Mango Publishing
- Founded: 2014
- Founder: Christopher McKenney
- Defunct: 2025
- Headquarters location: Miami, Florida
- Distribution: Ingram Publisher Services Raincoast Books Booktopia
- Official website: no longer online

= Mango Publishing =

American independent book publisher

Mango Publishing was an American book publisher founded in 2014. It shut down in late 2025 .

==Company history==
Mango Publishing was founded by Christopher McKenney in 2014 as an independent book publisher in Miami, Florida. In both 2019 and 2020, Mango was named the fastest growing independent publisher in the United States by Publishers Weekly. The company has a revenue sharing model with its authors, where it provides up to 50% of net sales to its writers.

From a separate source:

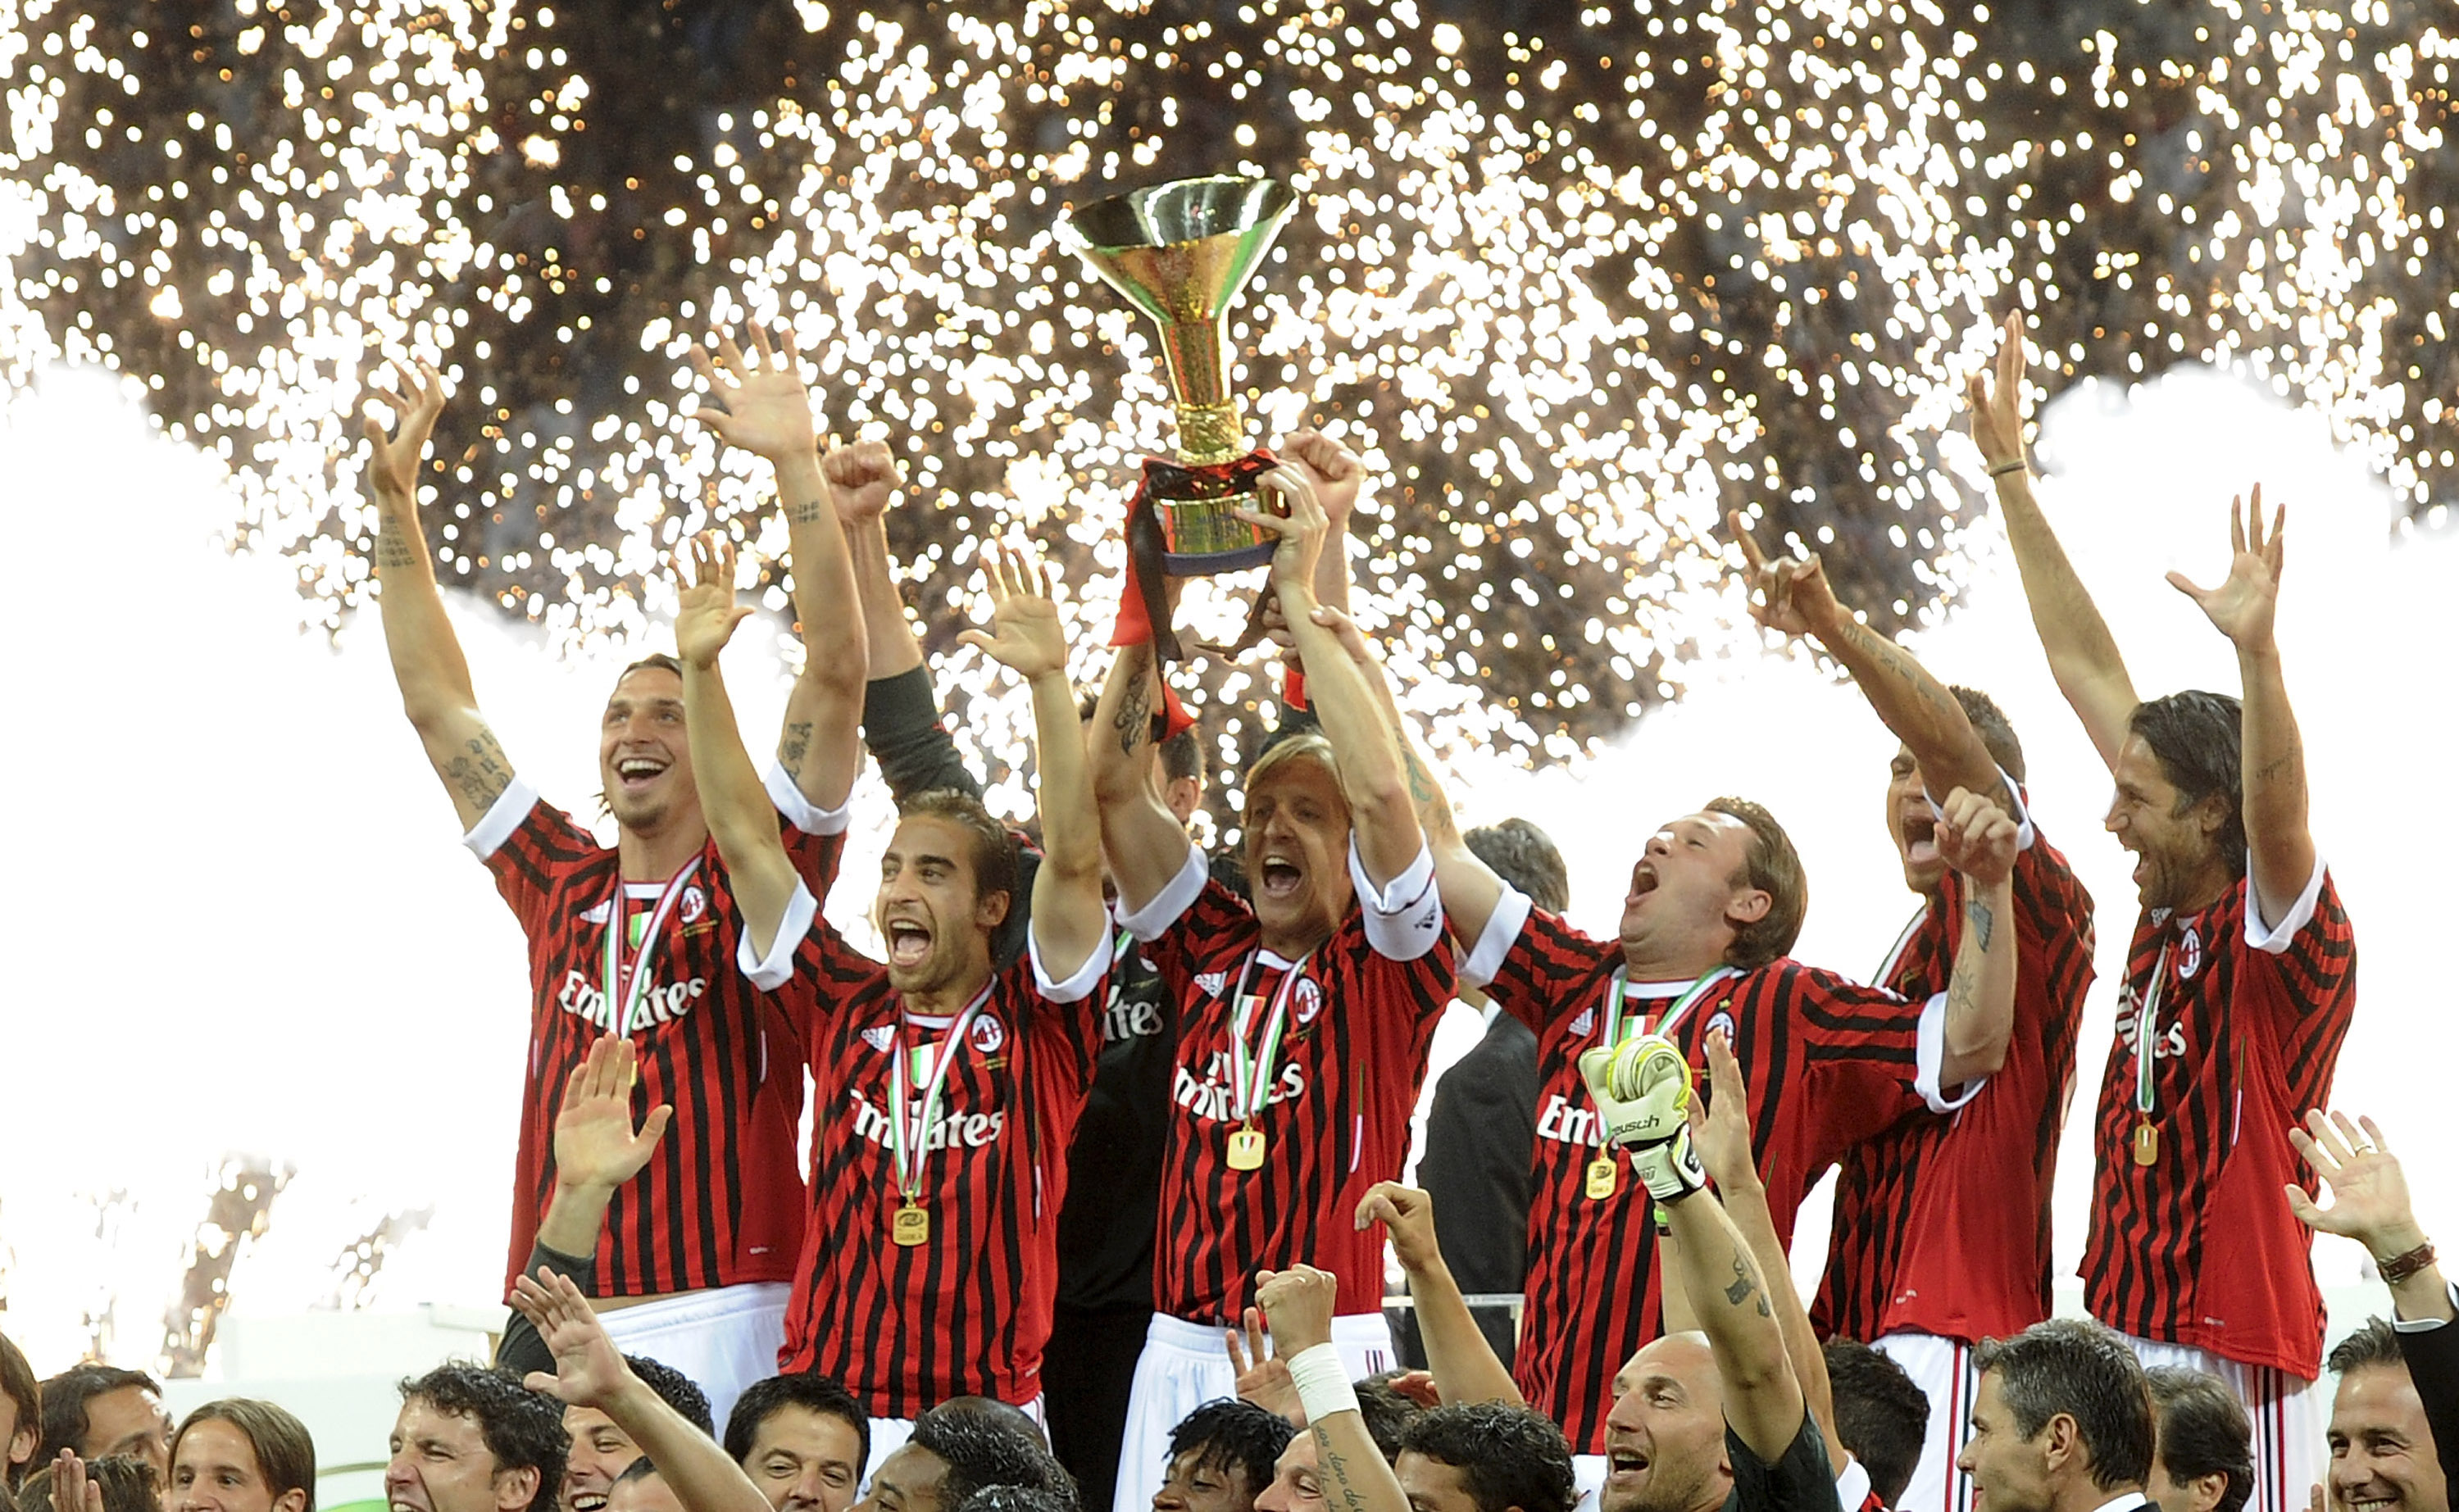 MILAN, ITALY - MAY 14:  Players of Milan celebrate winning the Italian Serie A championship after the Serie A match between AC Milan and Cagliari Calcio at Stadio Giuseppe Meazza on May 14, 2011 in Milan, Italy.  (Photo by Dino Panato/Getty Images)

There is a second-hand report that the publisher was shut down by its primary creditor, Lake Michigan Credit Union. While public documents do show that the credit union did file against the publisher., there is no public mention of the outcome.

==Books and imprints==
The company publishes books in a variety of genres including non-fiction, young adult, children, self-help, business, science, pop-culture, social justice, LGBTQ, feminism, fiction and poetry. It publishes more than one hundred titles per year. It also partners with companies like Franklin Covey to create add-on books products like themed playing card decks. In 2019 the company acquired Conari Press from Red Wheel/Weiser and in 2020 they acquired Yellow Pear Press. Their additional imprints include Books and Books Press, FIU Business Press, D.O.P.E (Dreams on Paper Entertainment), the Tiny Press, and Reef Smart Guides from 2018 to 2025.